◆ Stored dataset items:
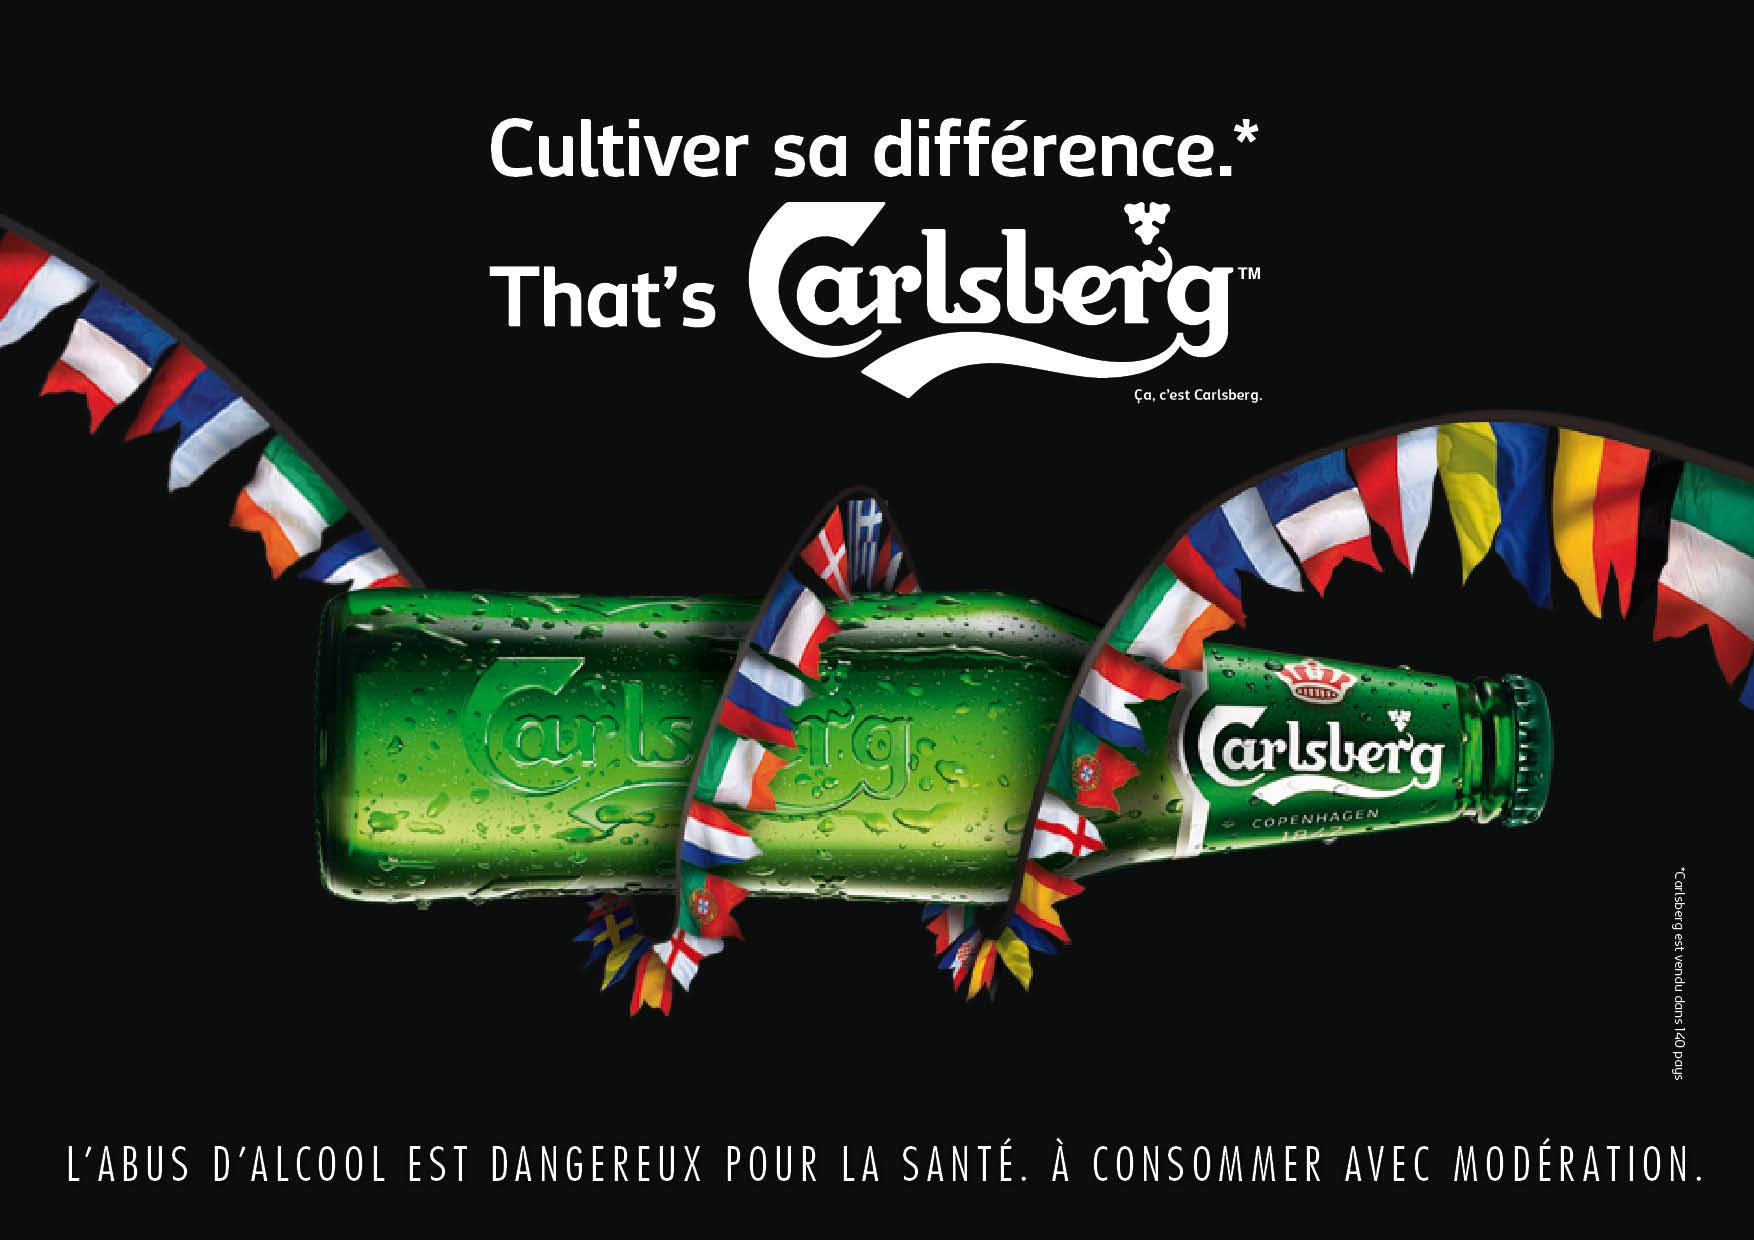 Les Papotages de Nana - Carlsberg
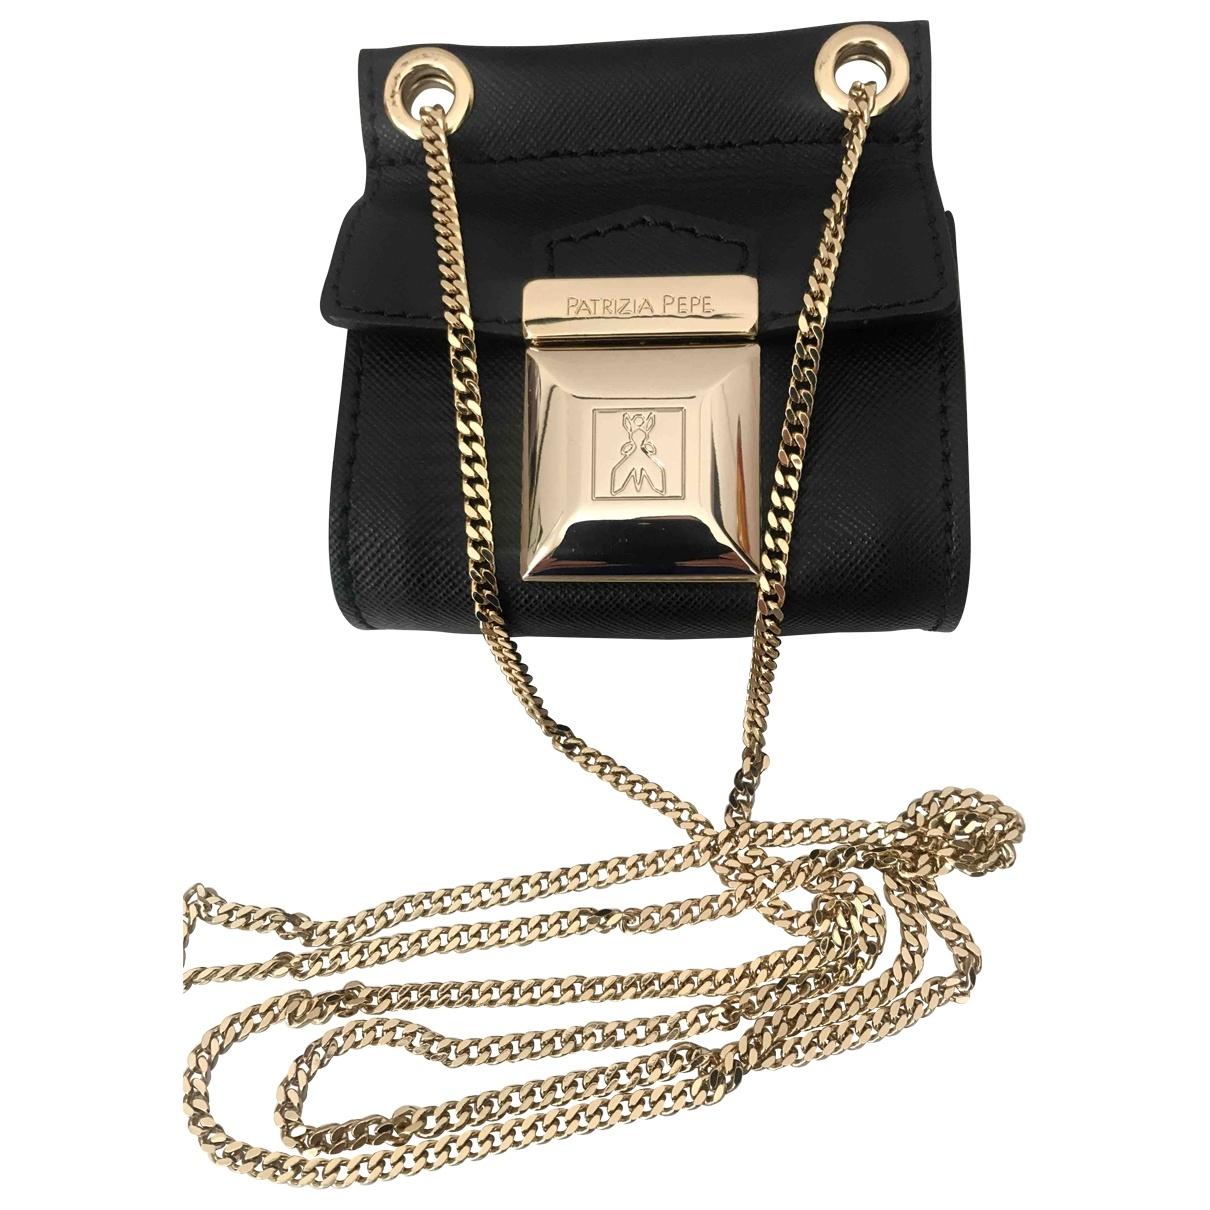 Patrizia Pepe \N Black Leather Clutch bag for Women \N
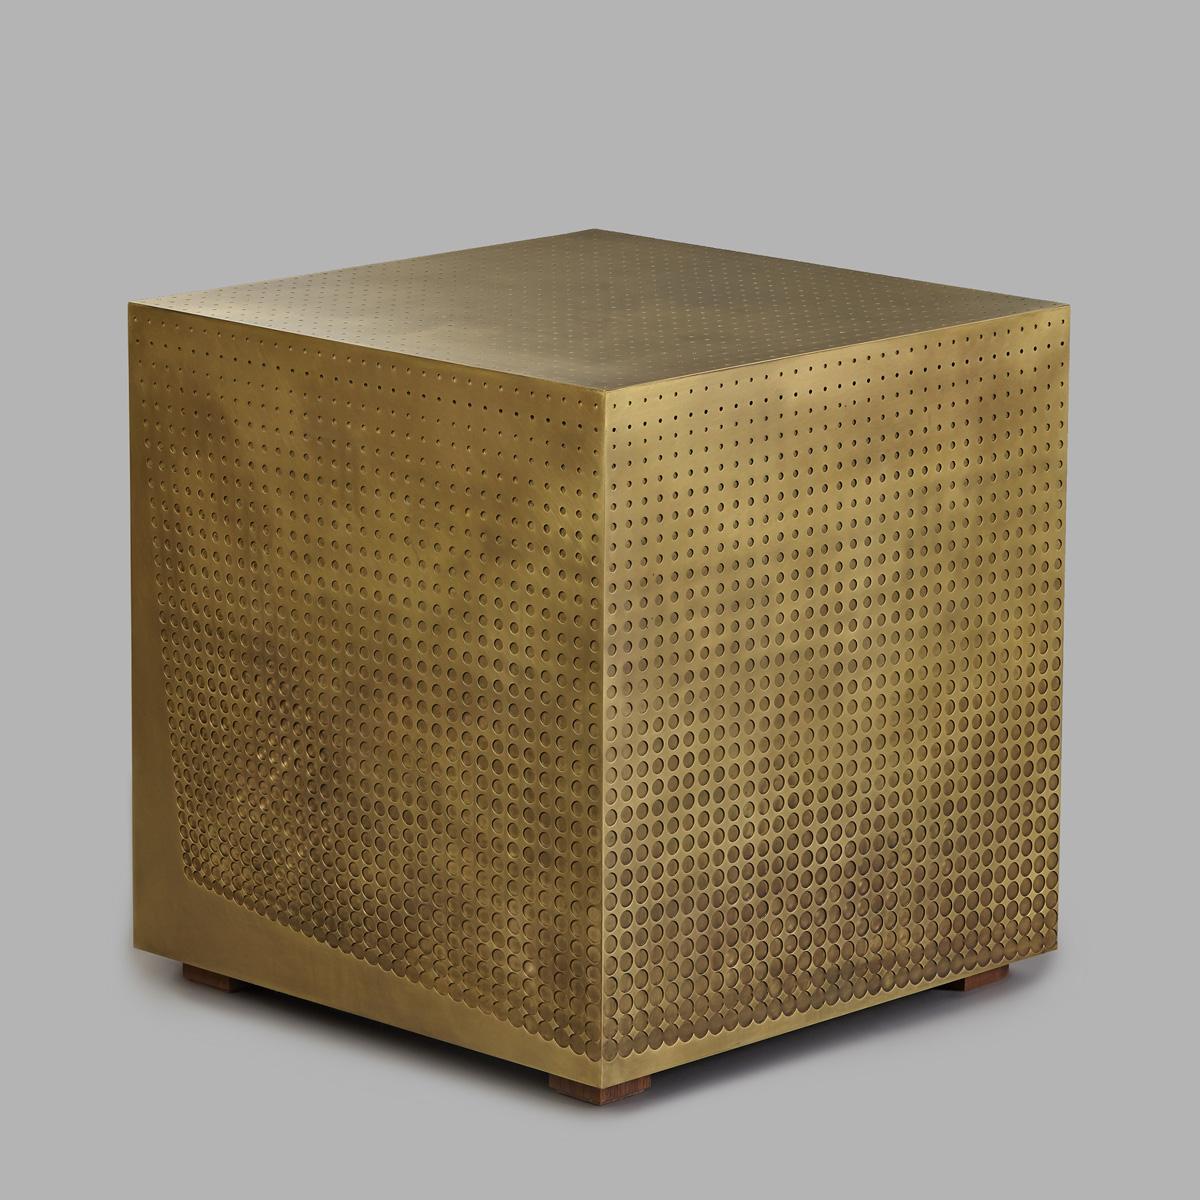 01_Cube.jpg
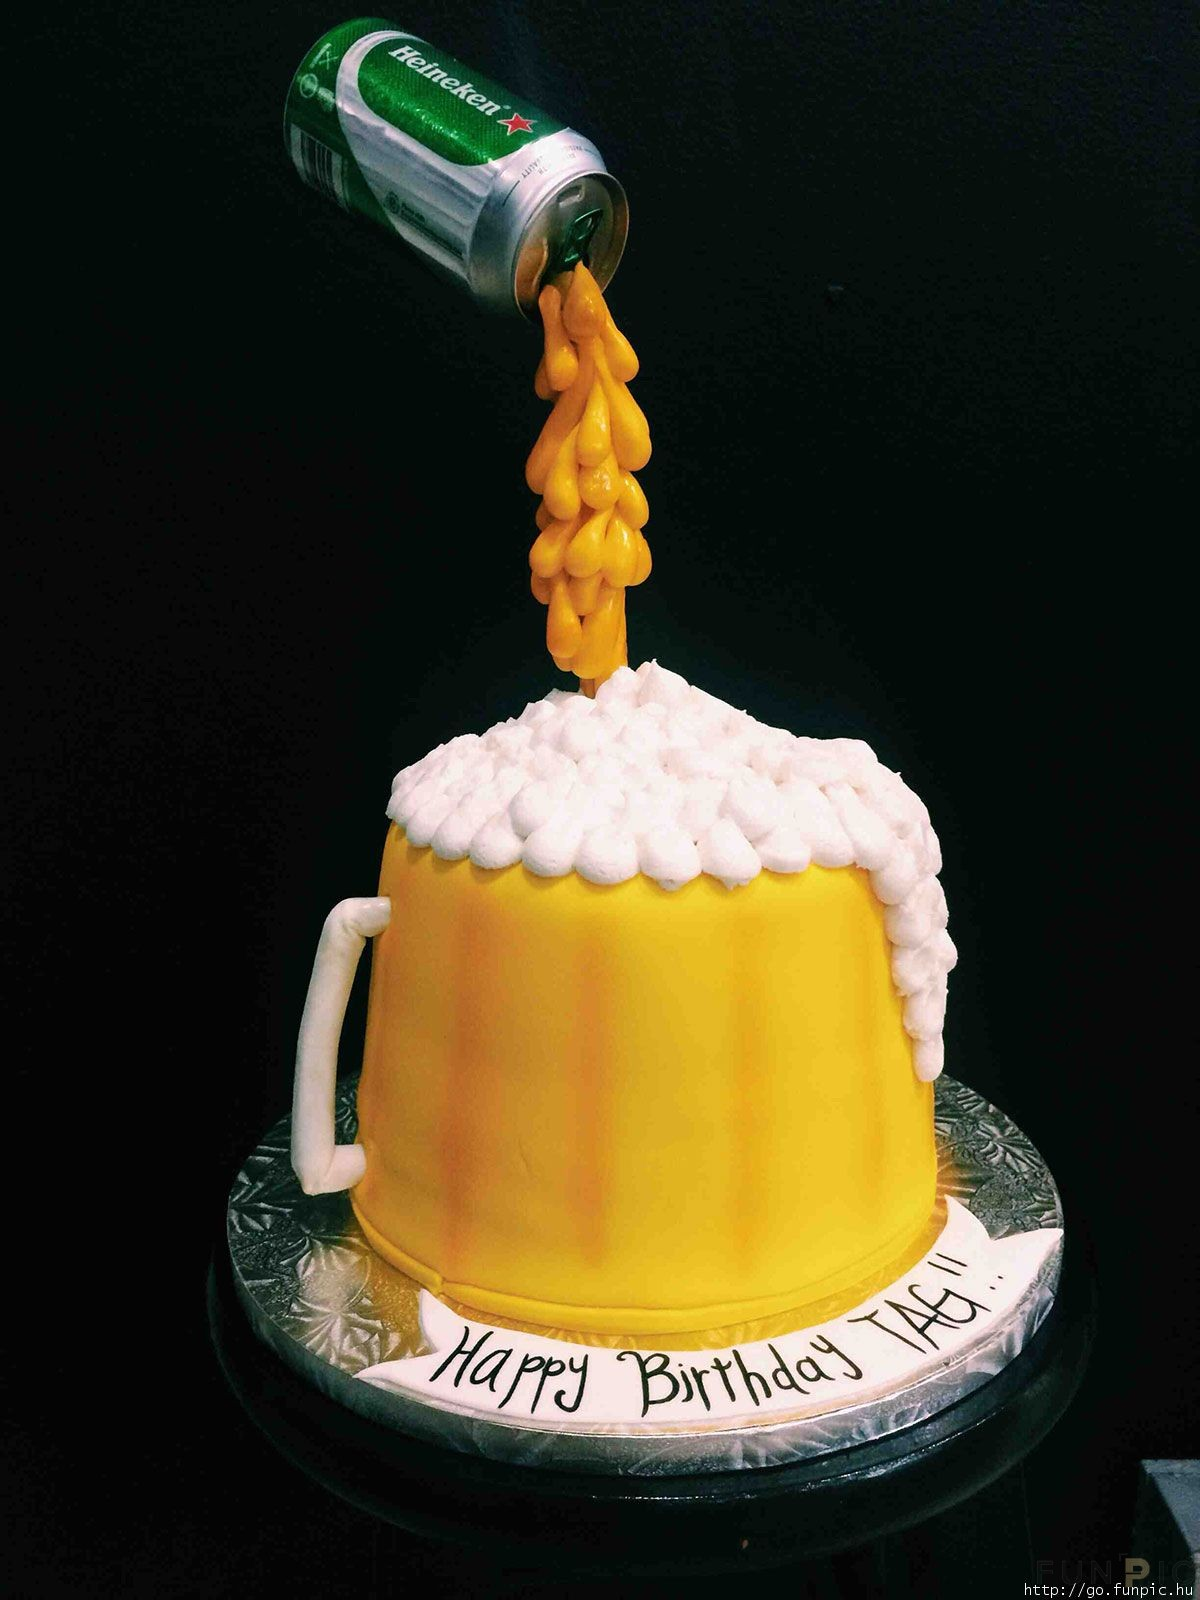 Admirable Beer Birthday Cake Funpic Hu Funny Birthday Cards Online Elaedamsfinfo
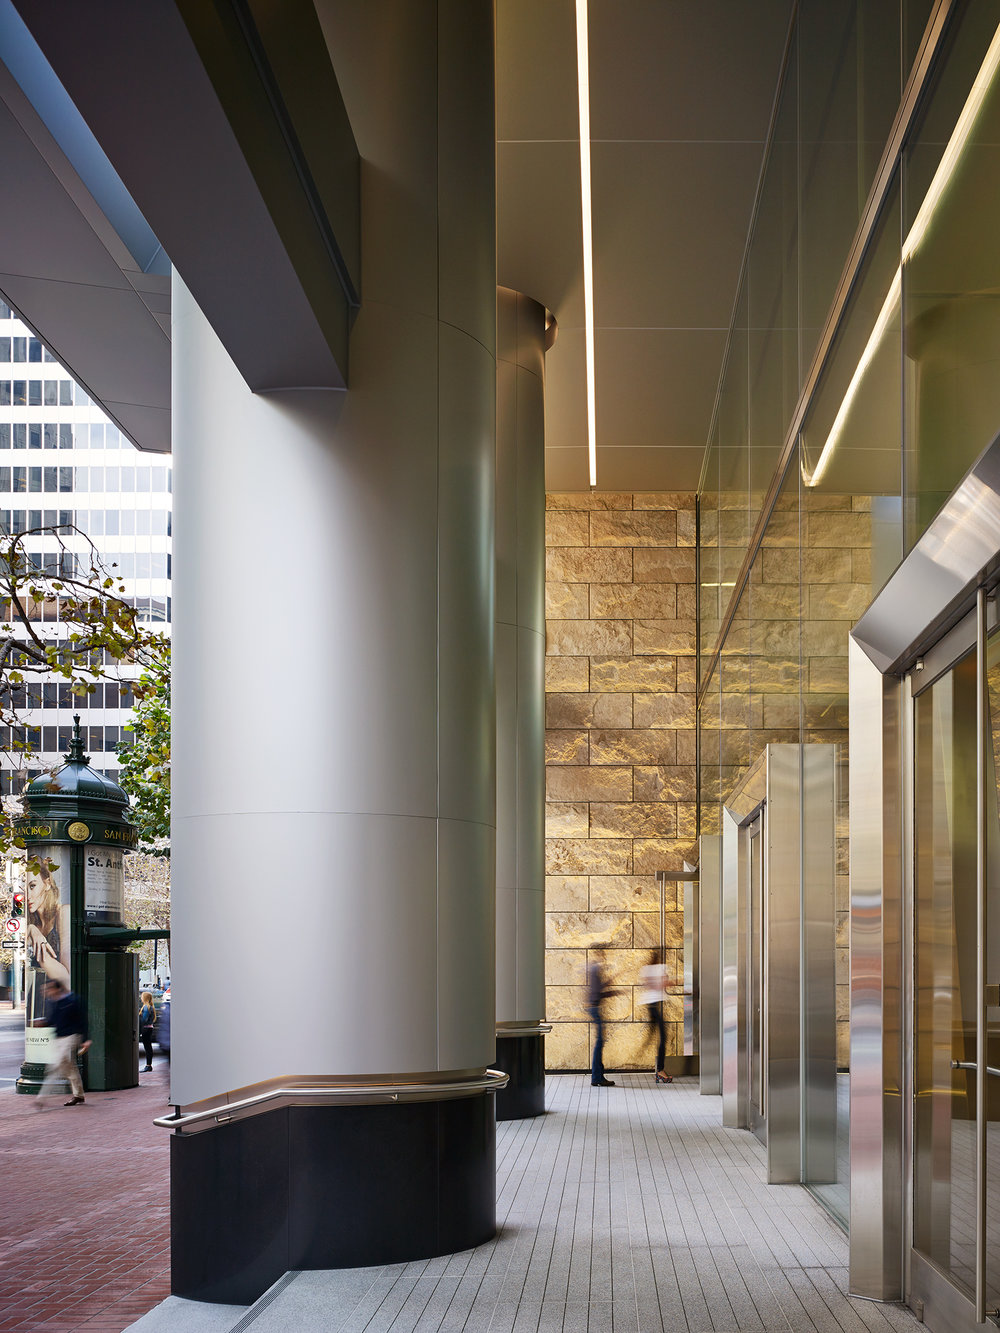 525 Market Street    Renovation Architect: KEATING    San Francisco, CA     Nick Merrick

◆ Exercise details: Verbatim copy without images: write the records above out in full.

◆ Exercise answer:
 Les Papotages de Nana - Carlsberg
 Patrizia Pepe \N Black Leather Clutch bag for Women \N
 01_Cube.jpg
 Admirable Beer Birthday Cake Funpic Hu Funny Birthday Cards Online Elaedamsfinfo
 525 Market Street    Renovation Architect: KEATING    San Francisco, CA     Nick Merrick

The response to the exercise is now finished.